Given that $\theta_1$ is located in Quadrant II and $\sin(\theta_1) = \dfrac{9}{41}$, we need to find $\cos(\theta_1)$.

We can use the Pythagorean identity for sine and cosine, which is:

$\sin^2(\theta) + \cos^2(\theta) = 1$

Substitute $\sin(\theta_1) = \dfrac{9}{41}$ into the equation:

$\left(\dfrac{9}{41}\right)^2 + \cos^2(\theta_1) = 1$

First, square $\dfrac{9}{41}$:

$\left(\dfrac{9}{41}\right)^2 = \dfrac{81}{1681}$

Now substitute this into the identity:

$\dfrac{81}{1681} + \cos^2(\theta_1) = 1$

Subtract $\dfrac{81}{1681}$ from both sides:

$\cos^2(\theta_1) = 1 - \dfrac{81}{1681}$

To subtract, express $1$ as $\dfrac{1681}{1681}$:

$\cos^2(\theta_1) = \dfrac{1681}{1681} - \dfrac{81}{1681} = \dfrac{1600}{1681}$

Now, take the square root of both sides:

$\cos(\theta_1) = \pm \dfrac{\sqrt{1600}}{41} = \pm \dfrac{40}{41}$

Since $\theta_1$ is in Quadrant II, where cosine is negative, we choose the negative value:

$\cos(\theta_1) = -\dfrac{40}{41}$

Thus, the exact value of $\cos(\theta_1)$ is:

$\cos(\theta_1) = -\dfrac{40}{41}$

Would you like further details or have any questions?

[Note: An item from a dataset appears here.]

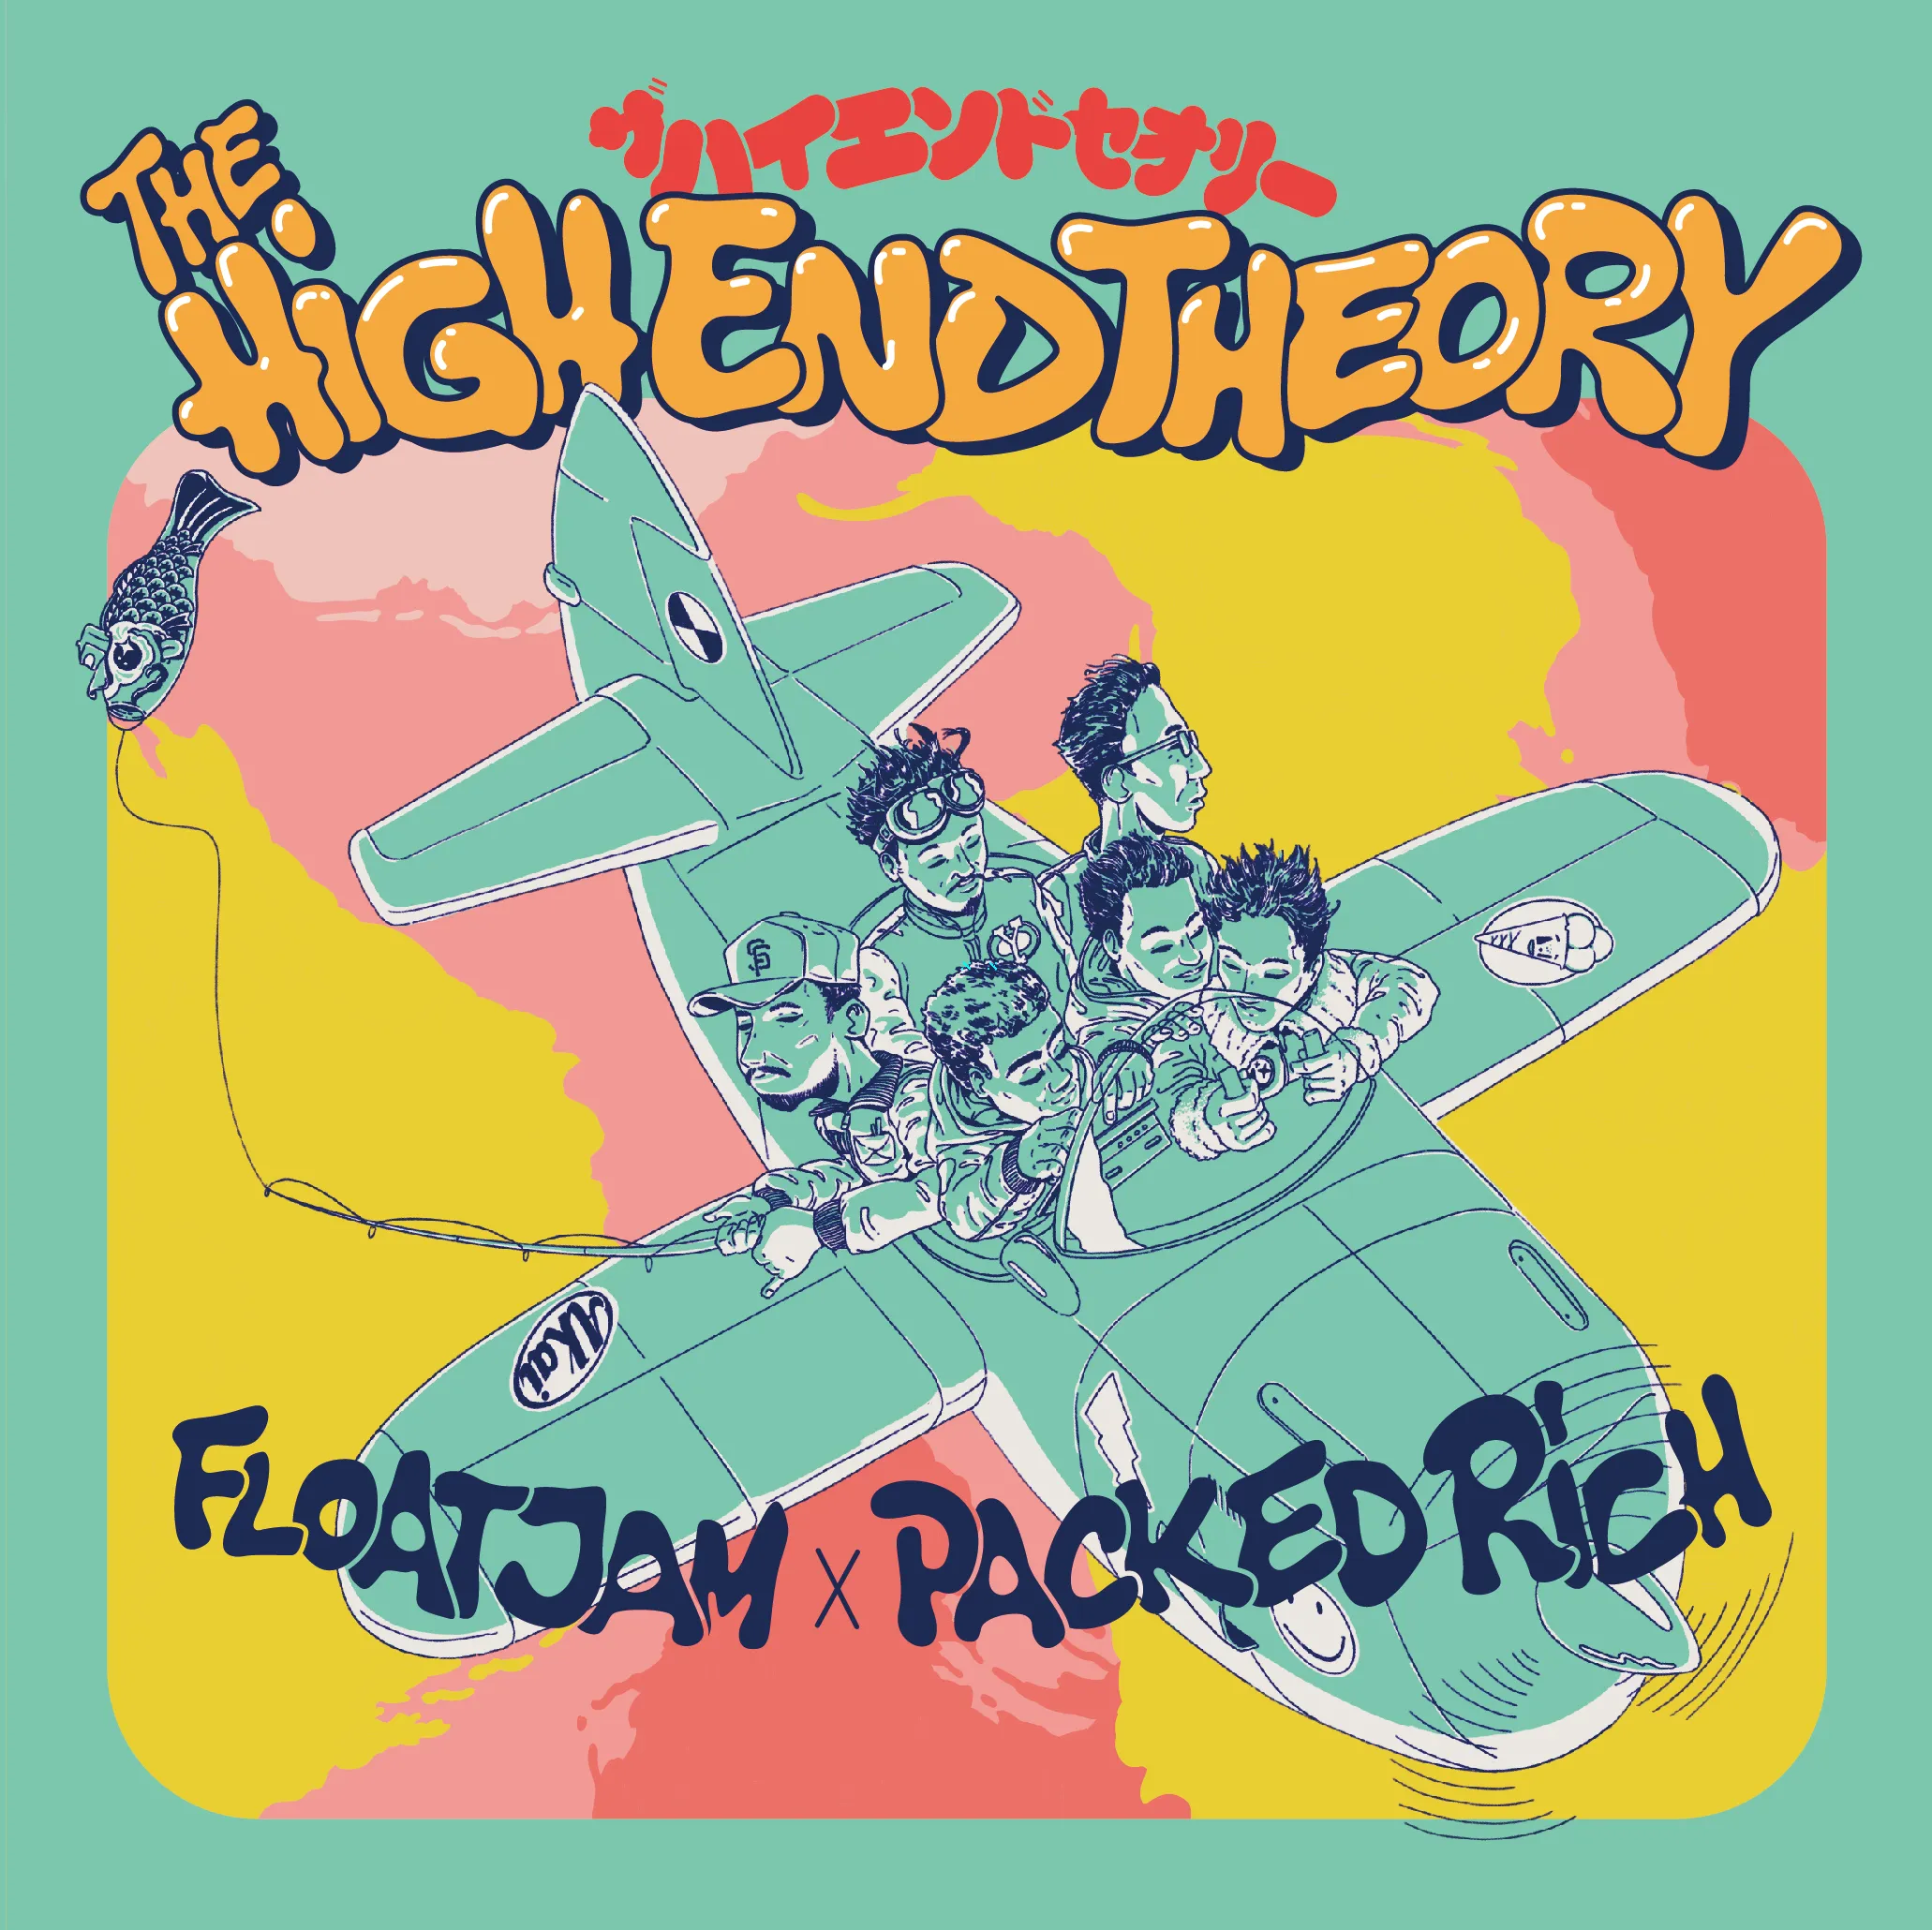 FLOAT JAM × PACKED RICH / HIGH END THEORY [7inch - DBLS-004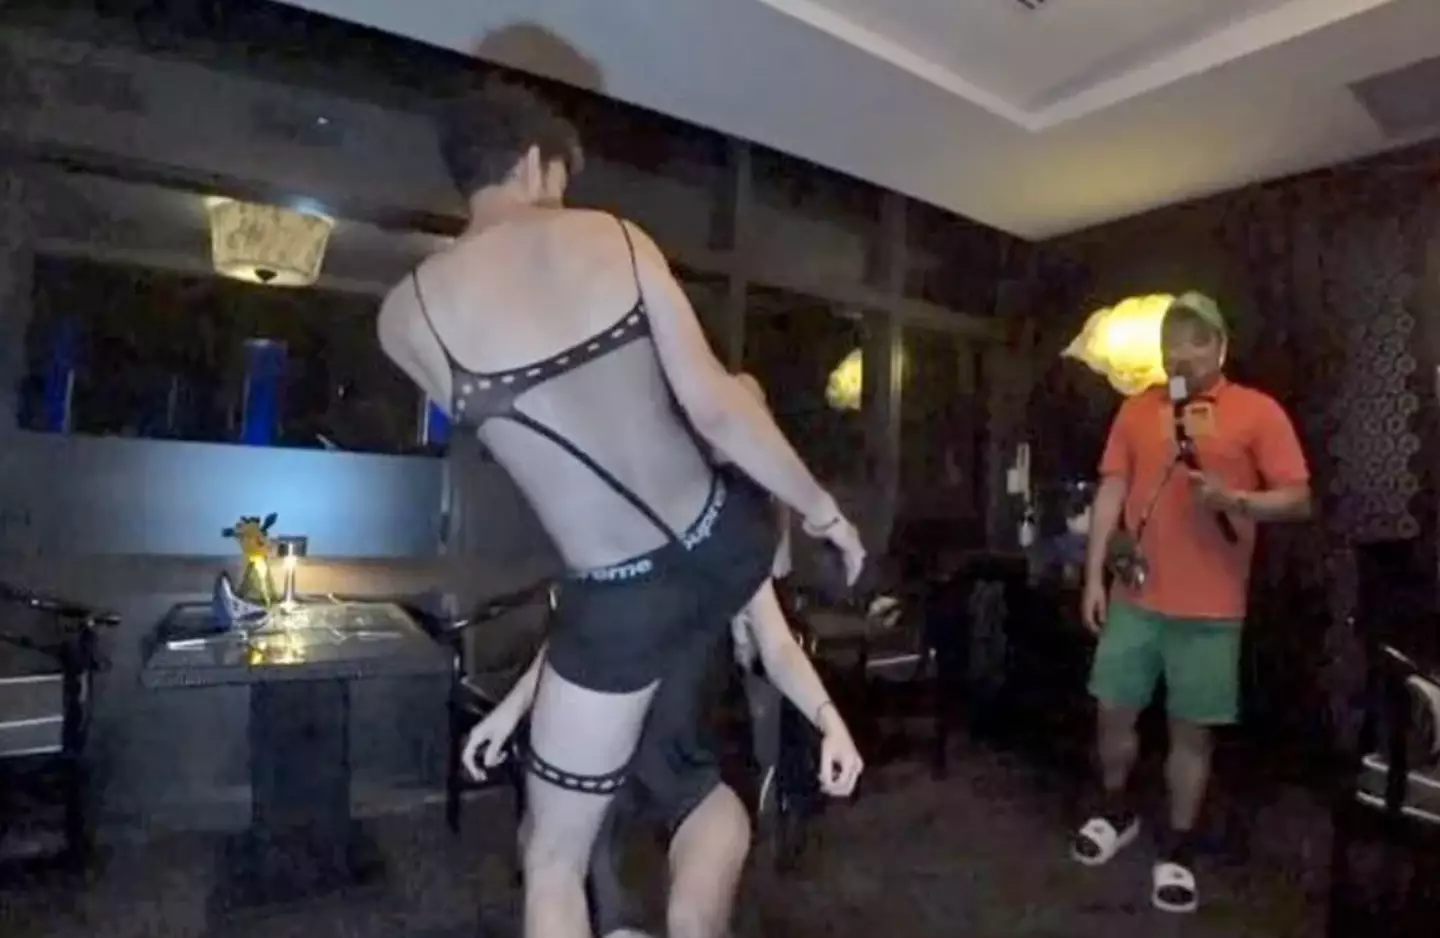 The lap dance that could earn this YouTuber five years in prison.

Here are 5 related questions you can explore:

1. How do you determine the sign of trigonometric functions in each quadrant?
2. What is the value of $\tan(\theta_1)$ based on $\sin(\theta_1)$ and $\cos(\theta_1)$?
3. Can you find $\sec(\theta_1)$ using the value of $\cos(\theta_1)$?
4. How does the Pythagorean identity help in finding trigonometric values?
5. What are the values of $\sin(\theta)$, $\cos(\theta)$, and $\tan(\theta)$ in other quadrants?

Tip: Remember, in Quadrant II, sine is positive and cosine is negative!